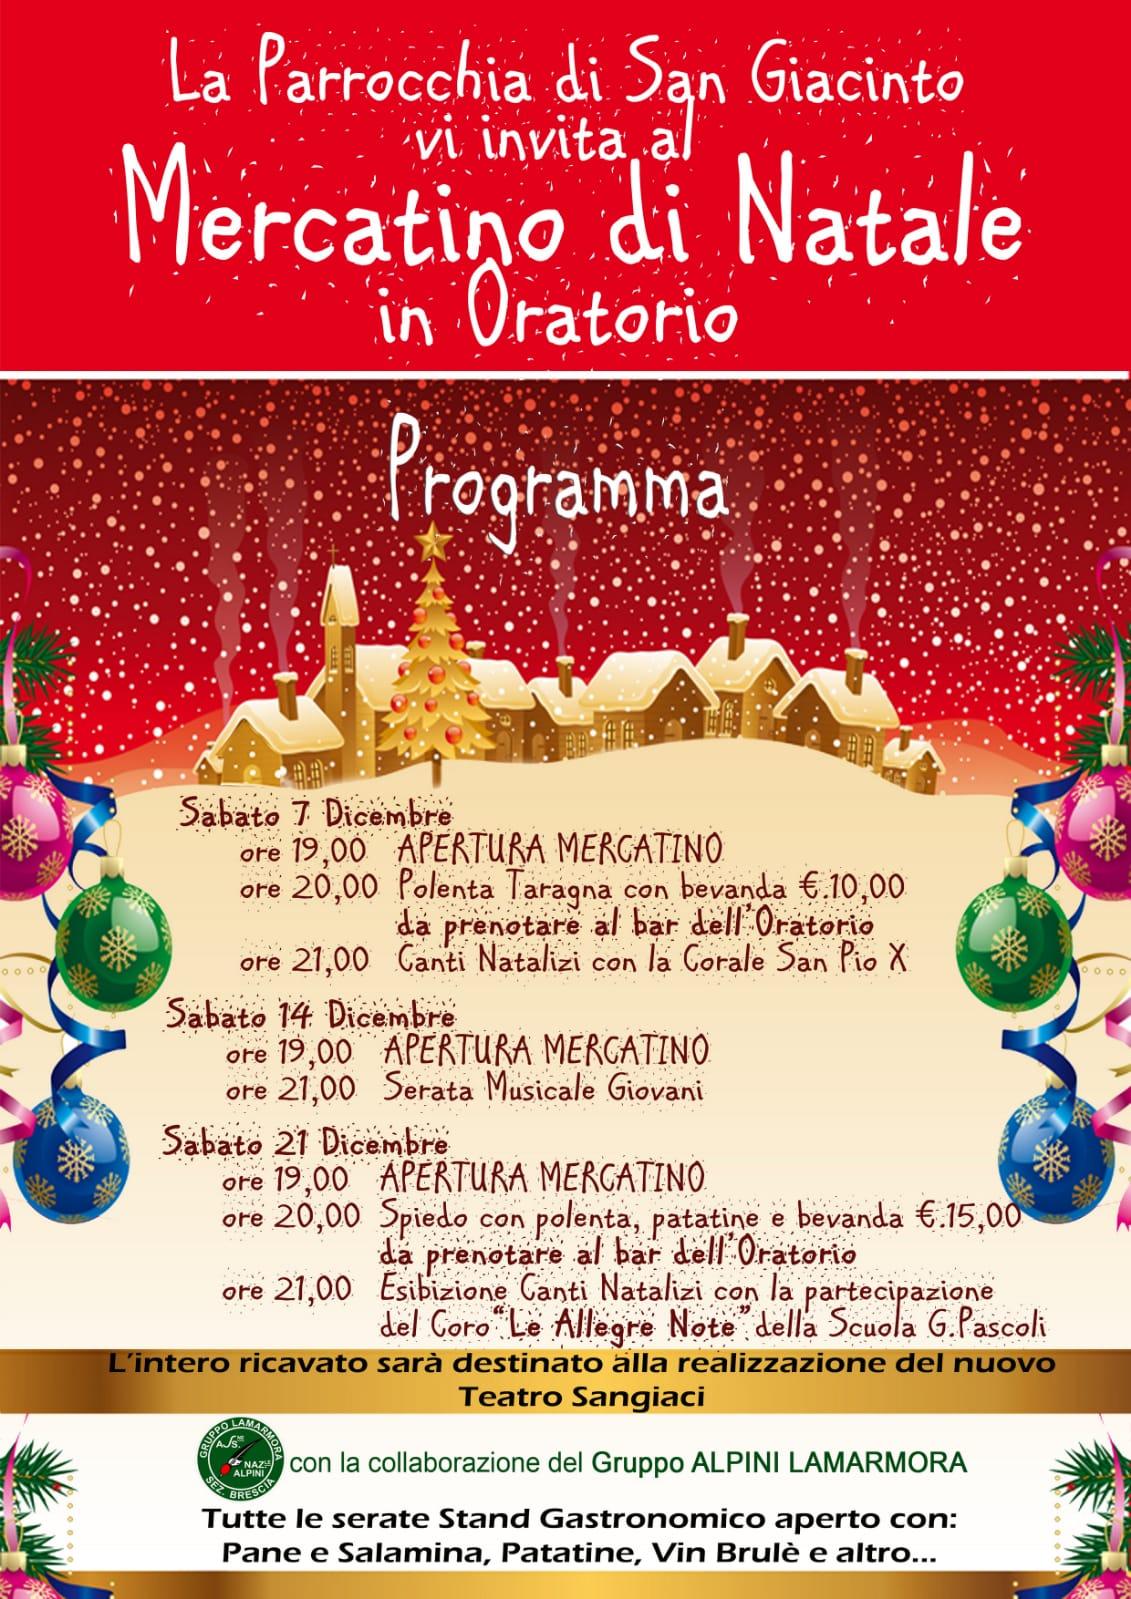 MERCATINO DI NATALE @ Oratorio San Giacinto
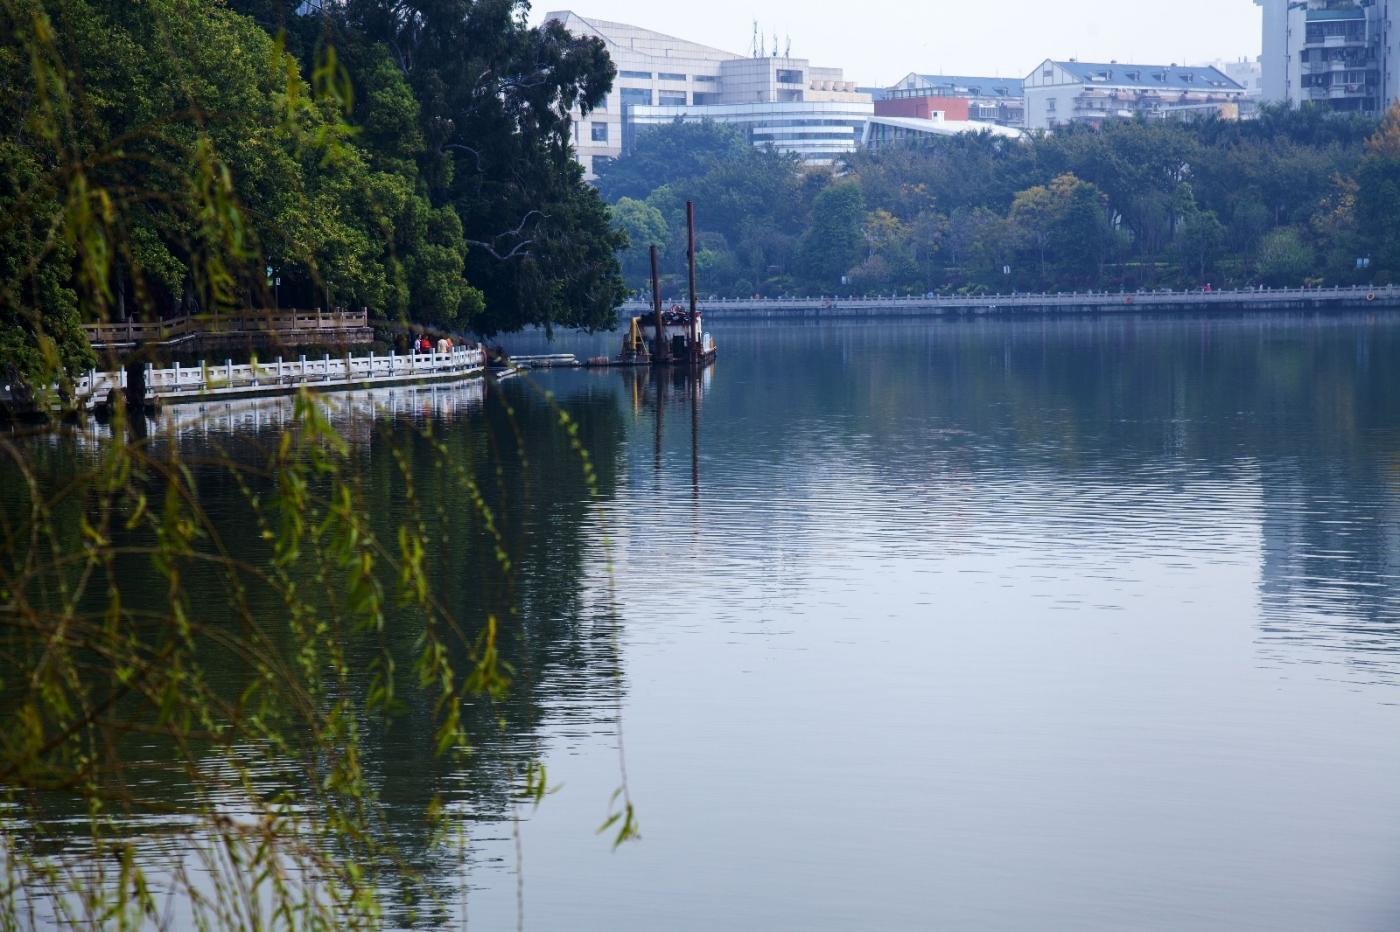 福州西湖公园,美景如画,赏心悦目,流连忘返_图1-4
──────────────────────────────
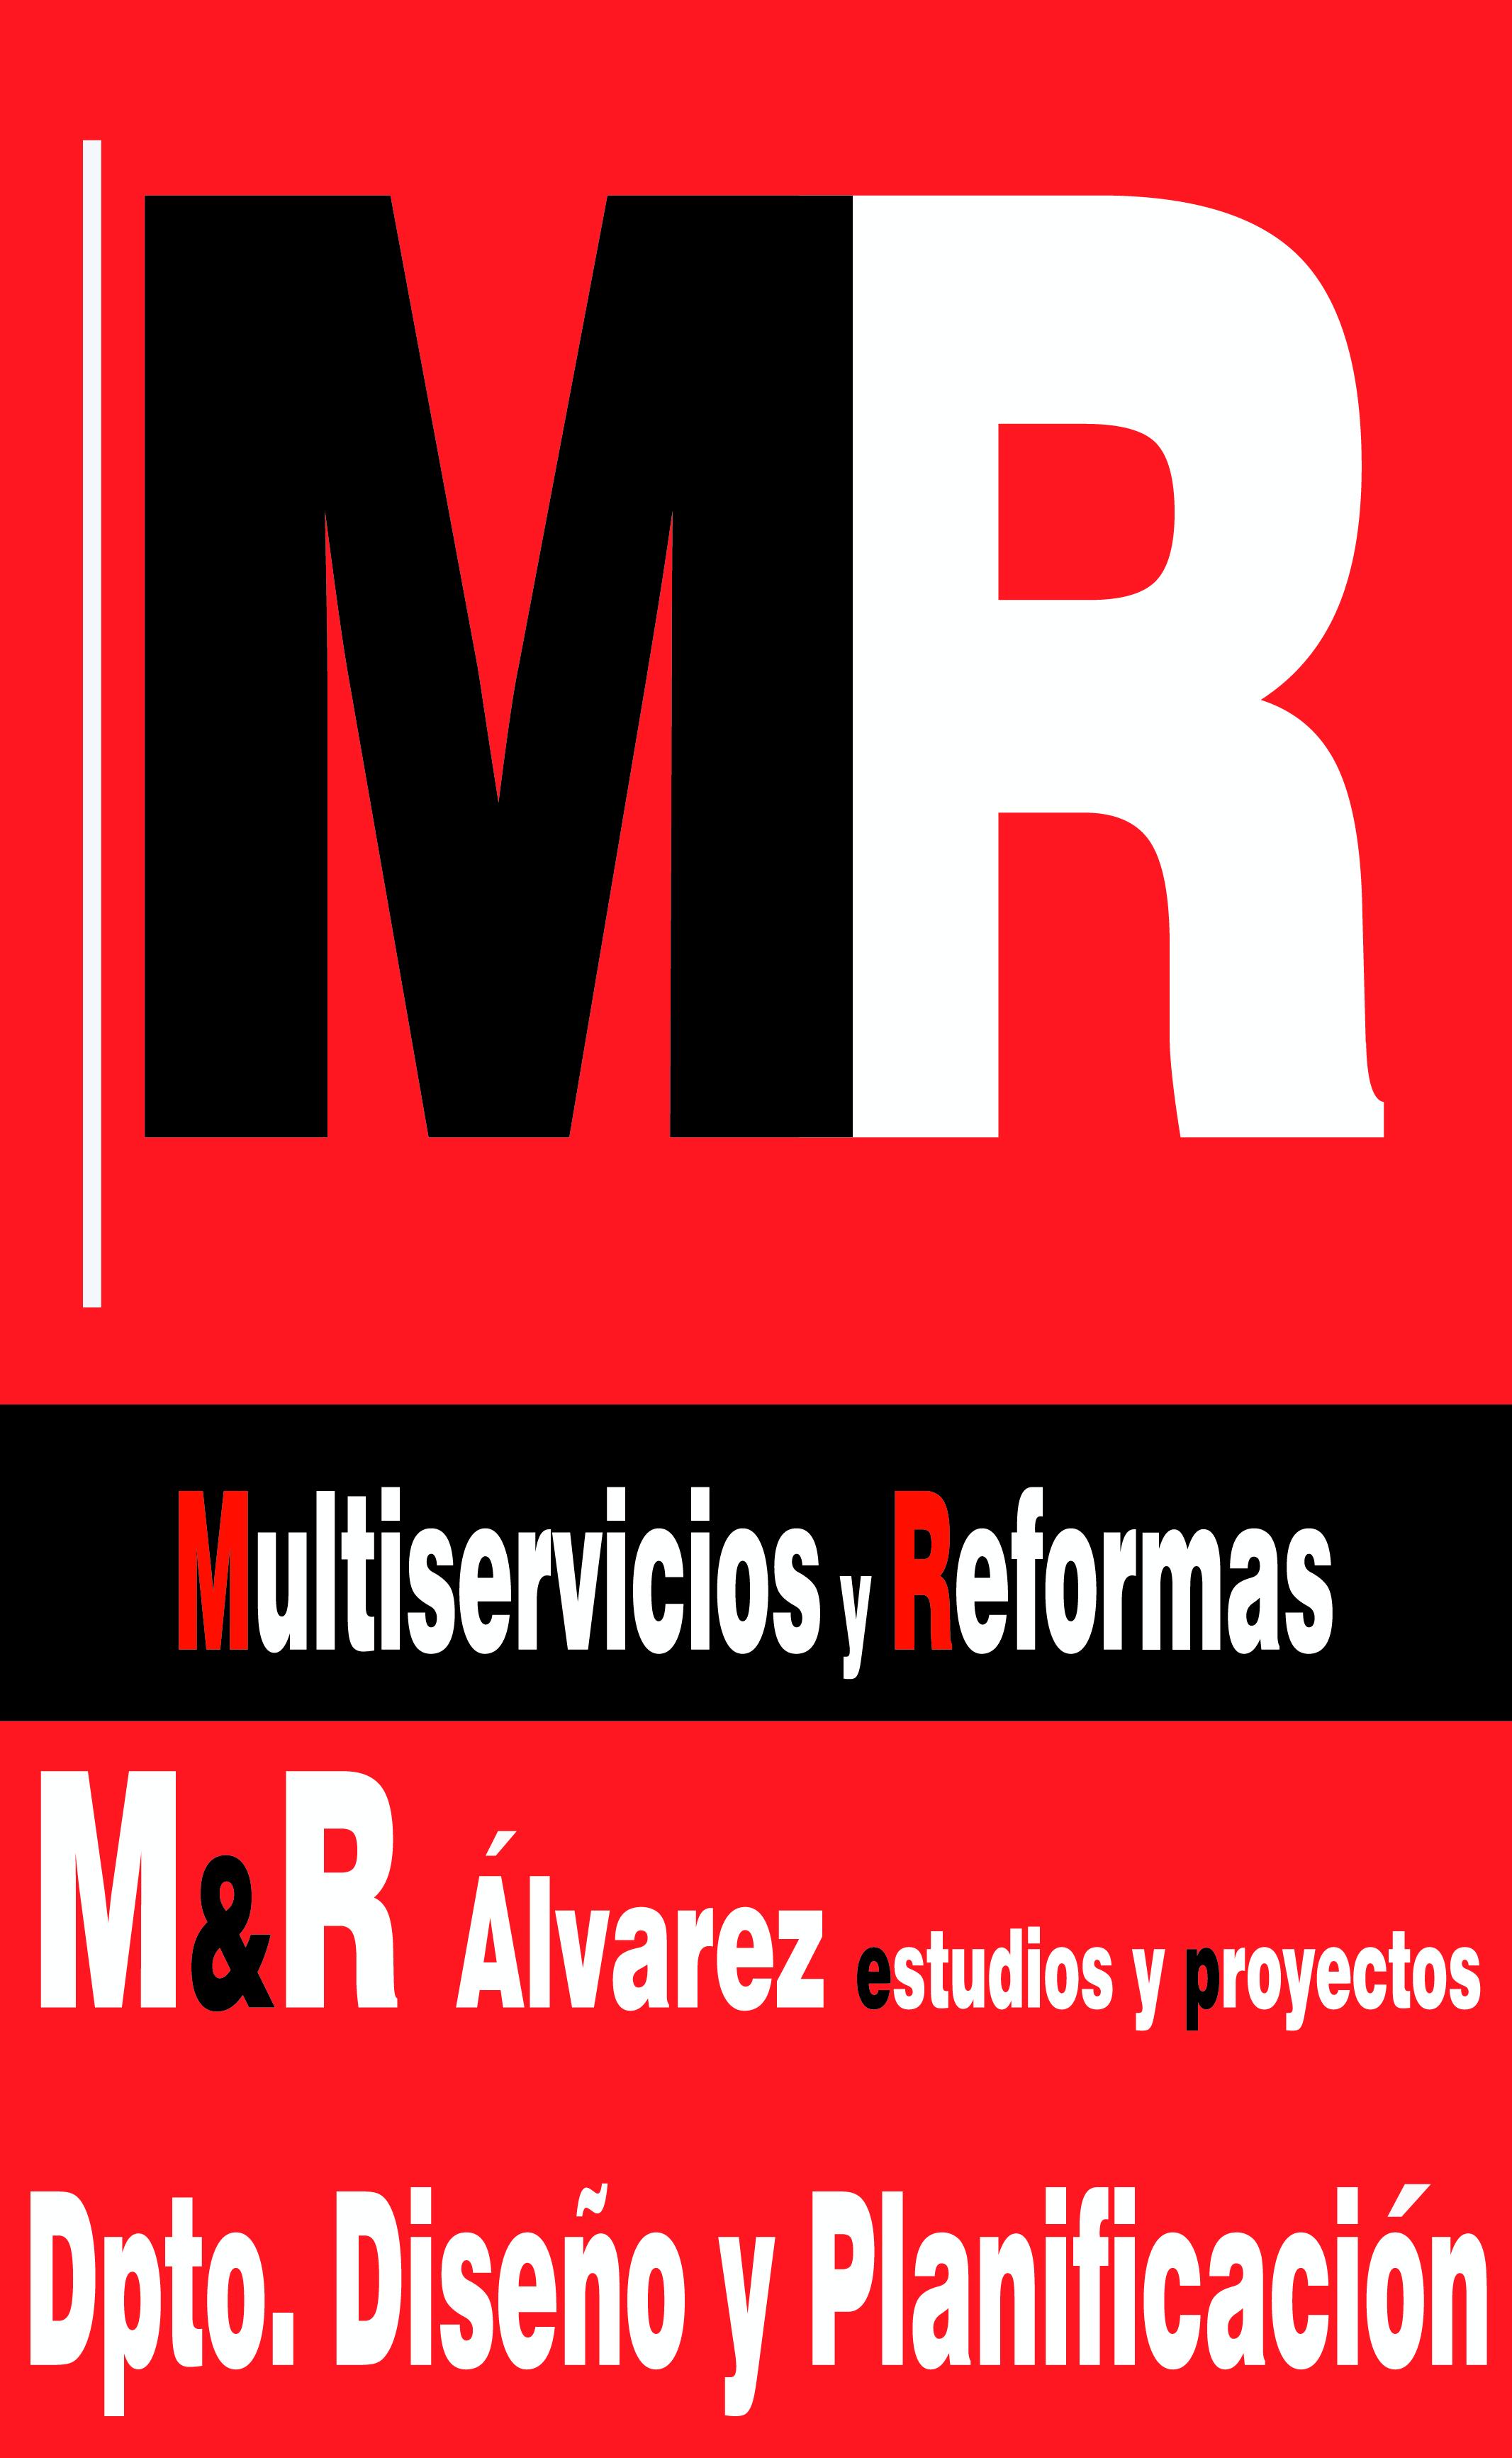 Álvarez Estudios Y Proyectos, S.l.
──────────────────────────────
● Problem: Among the entries above, take the line with "MERCATINO DI NATALE @ Oratorio San Giacinto", the line with "福州西湖公园,美景如画,赏心悦目,流连忘返_图1-4", and all the lines between them, and restate them word for word without pictures.

● Exercise answer:
 MERCATINO DI NATALE @ Oratorio San Giacinto
 福州西湖公园,美景如画,赏心悦目,流连忘返_图1-4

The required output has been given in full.